# Forum Home Renovation Leadlight  Double glazing leadlight window

## Celine

Hi,
We've just purchased an old Californian bungalows with nice leadlight windows which I would love to keep. The house is unfortunately located on a very busy road and the windows need to be insulated. I am looking for a double glazing solution which would allow to keep the leadlight but also which would look nice. Does anyone have any idea?
Thanks.
Celine

----------


## Cecile

Try add-on double glazing  Window Insulation, Window Soundproofing, Soundproof Windows, Doors, Melbourne, Victoria http://www.ecomaster.com.au/download...t_ecoGlaze.pdf Magnetite double glazing, glazed, noise reduction, window insulation 
Good luck

----------


## Black Cat

Be very careful though.

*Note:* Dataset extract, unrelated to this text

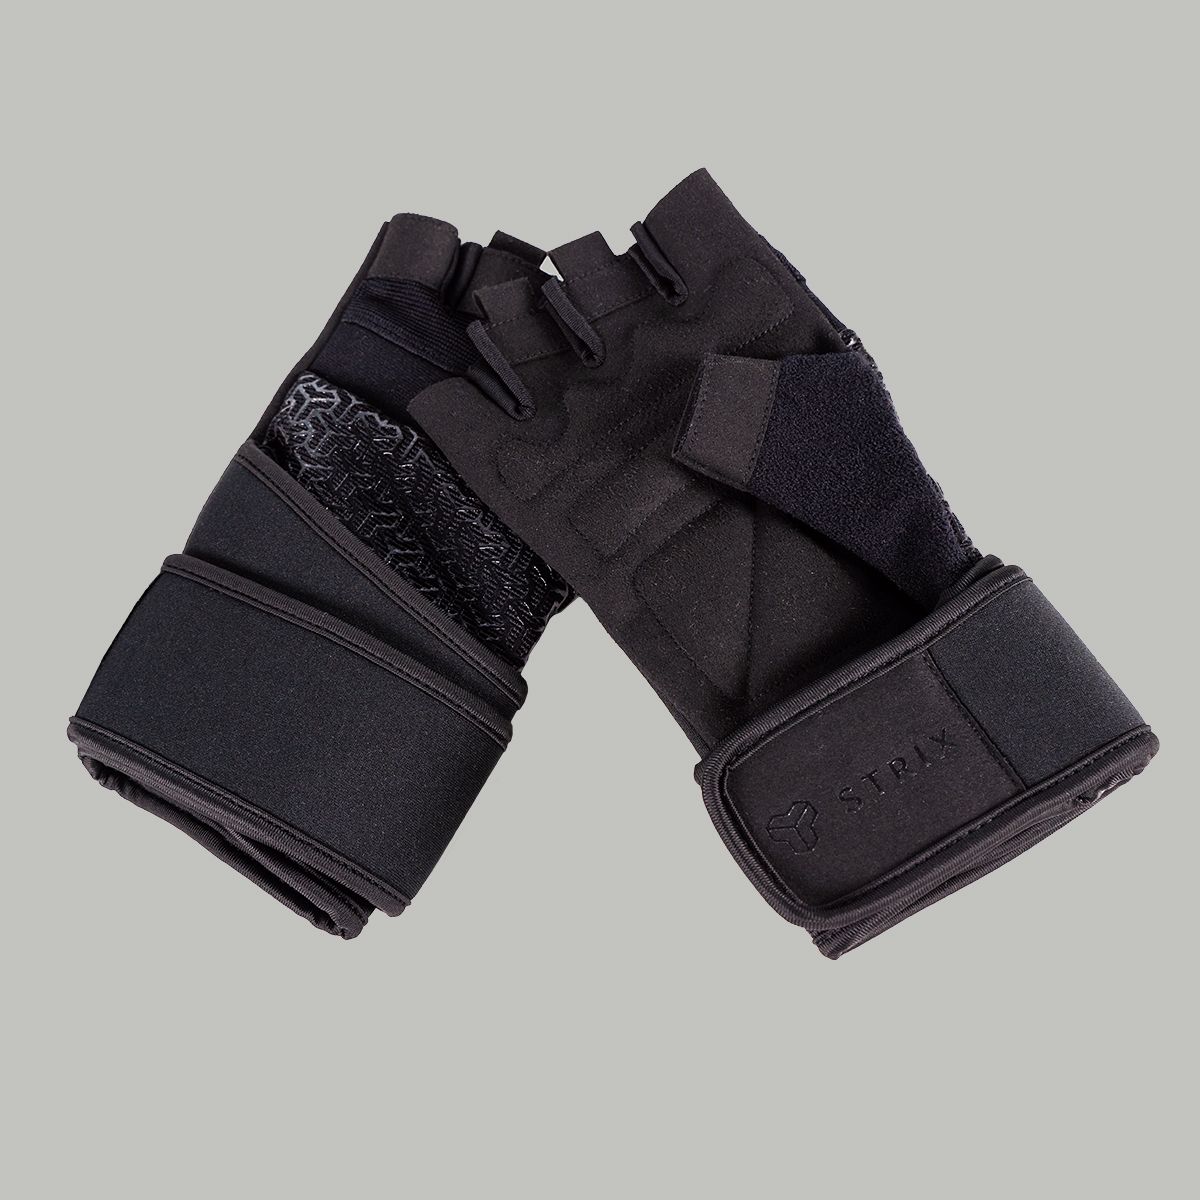 Gymbeam fitness rukavice perform strix m čierna

Leadlight, and particularly stained glass (the stuff that has the image painted onto it, as opposed to the stuff which is just coloured glass) is particularly susceptible to damage by moisture, and installing glazing over, or behind leadlight can lead to a buildup of moisture as the seal around the lead hames is not always a tight seal. So whatever you use, make sure you can remove it from time to time to let the leadlights 'breathe' and circulate some dry air. Ideally, have advice from a leadlight conservationist (not your average leadlight shop).

----------


## Black Cat

BTW, I think you will find the NSW heritage office will have some sort of guideline about leadlights which may be useful reading. I am deeply envious as I have always lusted after a California Bungalow ...

----------


## woodhunt

If you are on a budget and are not to 'attached' to the frames and they have enough meat you can deepen the rebate to add another pane, and put silica pockets and/or venting to deal with moisture.  http://www.renovateforum.com/f84/dou...adlight-73964/ 
If you needed better sound reduction, try looking at internal windows with 100mm spacing and thicker glass if space allows it...  Double Glazing - noise - MoneySavingExpert.com Forums 
Cheers,
Garth

----------